DATA BLOCK:
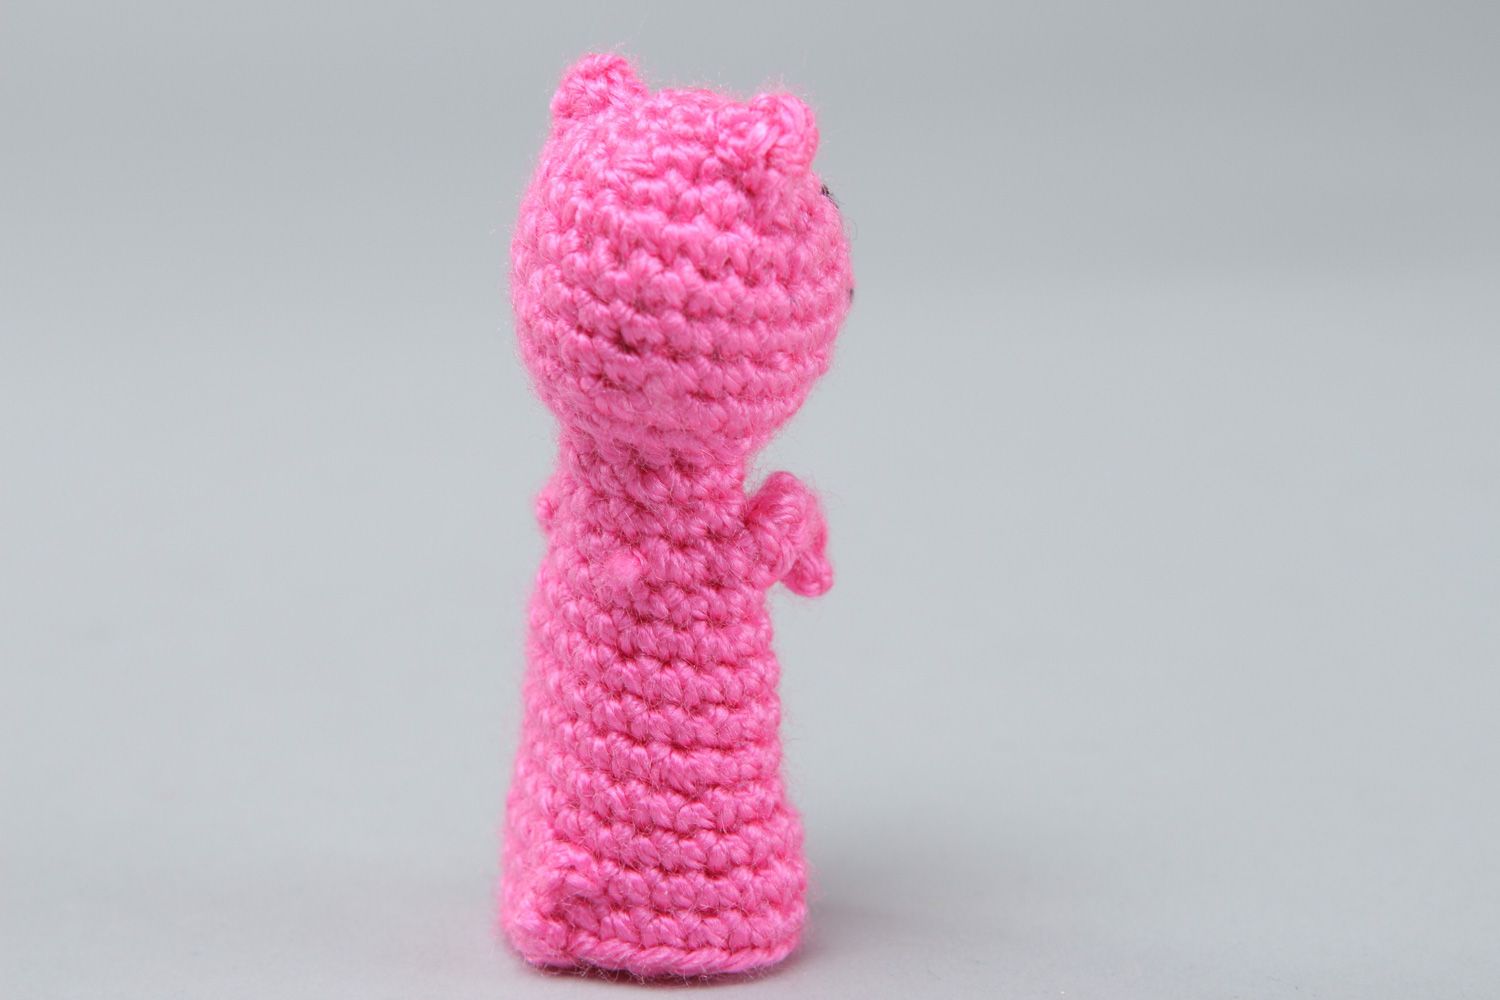 Пальчиковая игрушка свинка вязанная крючком детская розовая фото 2
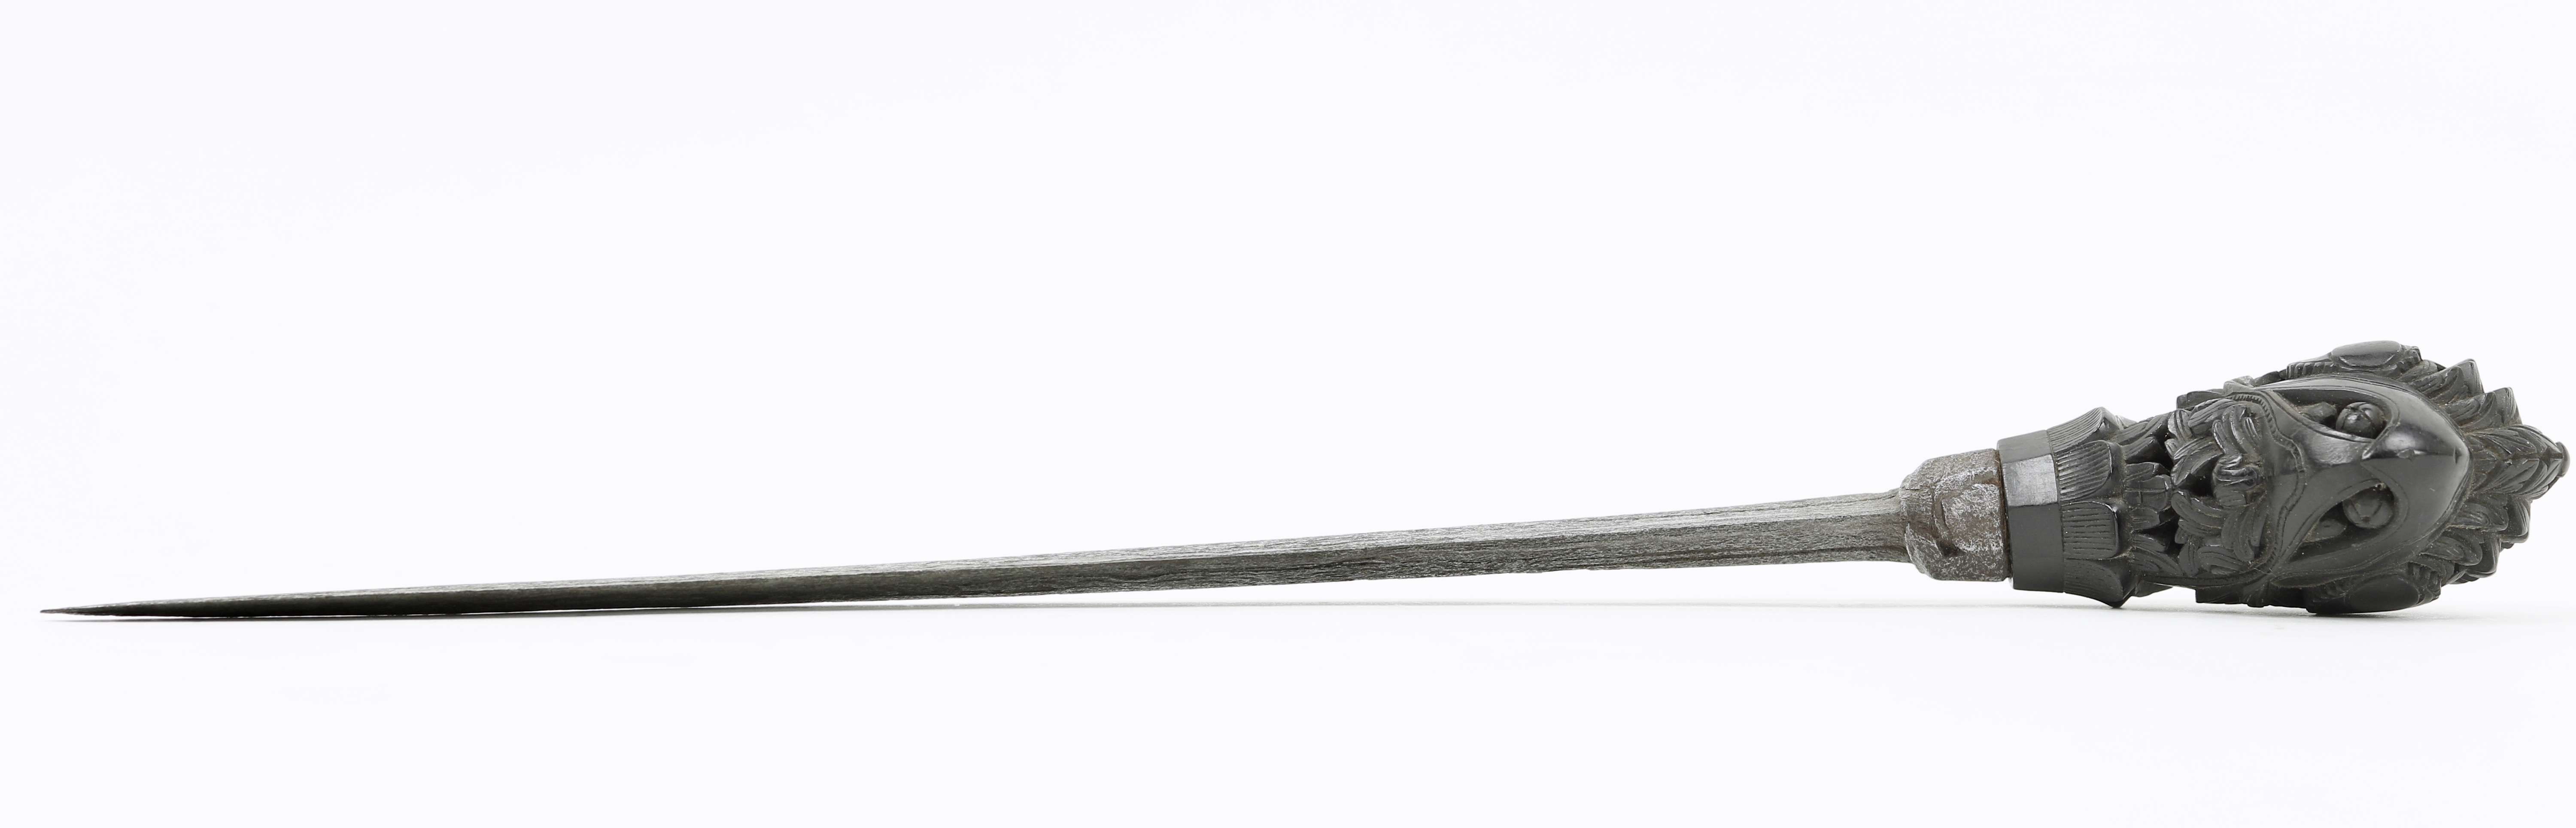 Sewar dagger from Sumatra
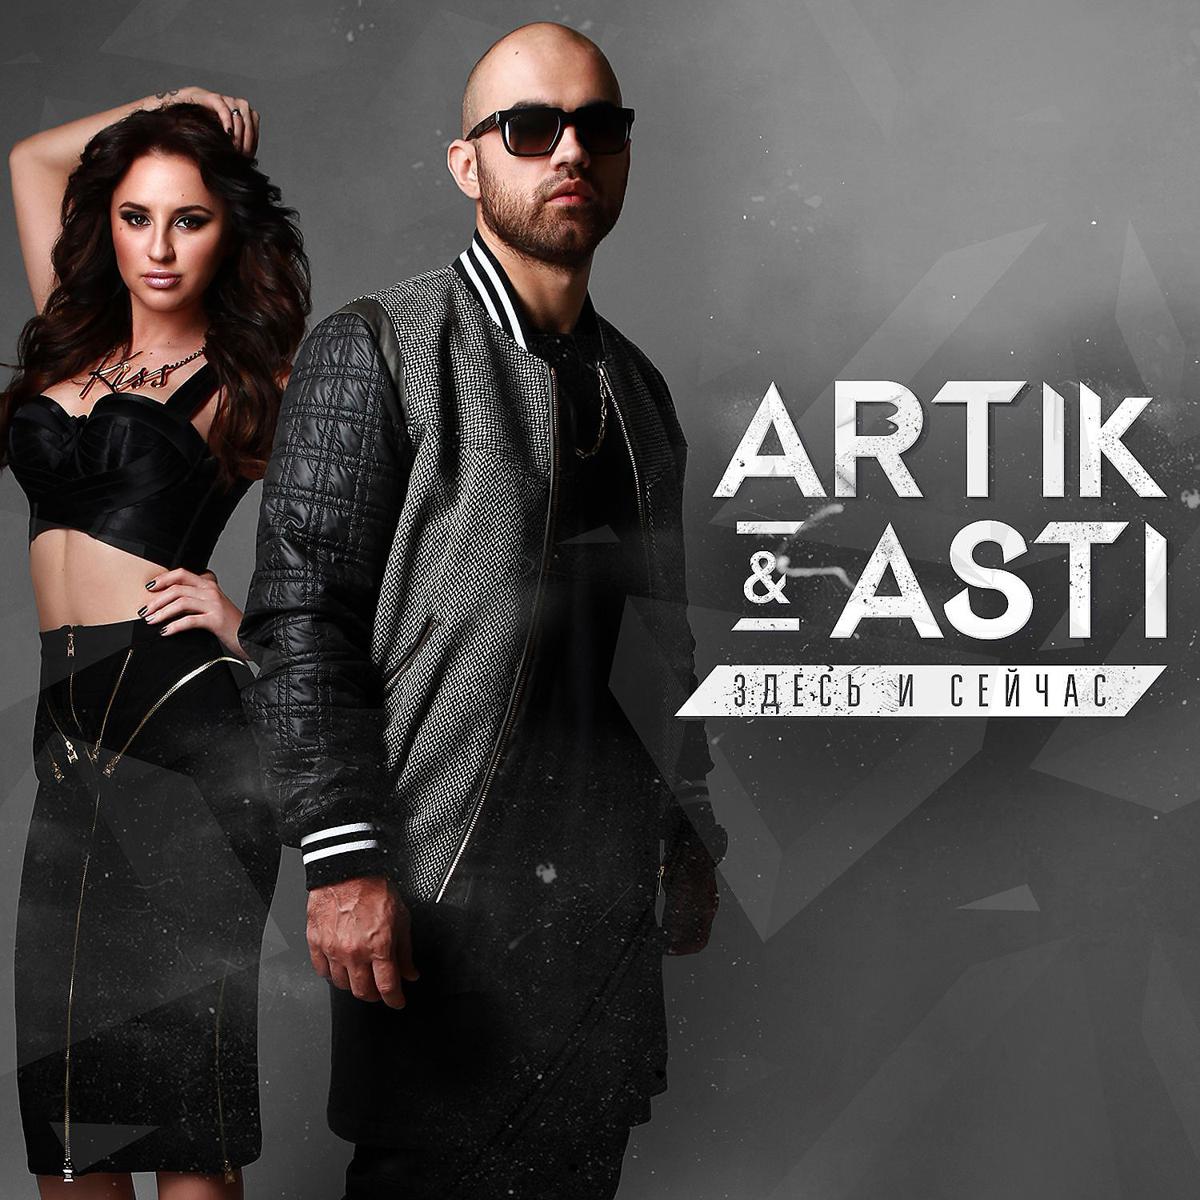 Слушать топ новинок музыки. Артик и Асти. Artik Asti здесь и сейчас 2015. Artik Asti обложка. Артик и Асти 2014.

EXERCISE INSTRUCTIONS:
An exact transcript is required, covering the lines from the one containing "Sewar dagger from Sumatra" through the end of the listing above, inclusive, without pictures.

EXPECTED ANSWER:
 Sewar dagger from Sumatra
 Слушать топ новинок музыки. Артик и Асти. Artik Asti здесь и сейчас 2015. Artik Asti обложка. Артик и Асти 2014.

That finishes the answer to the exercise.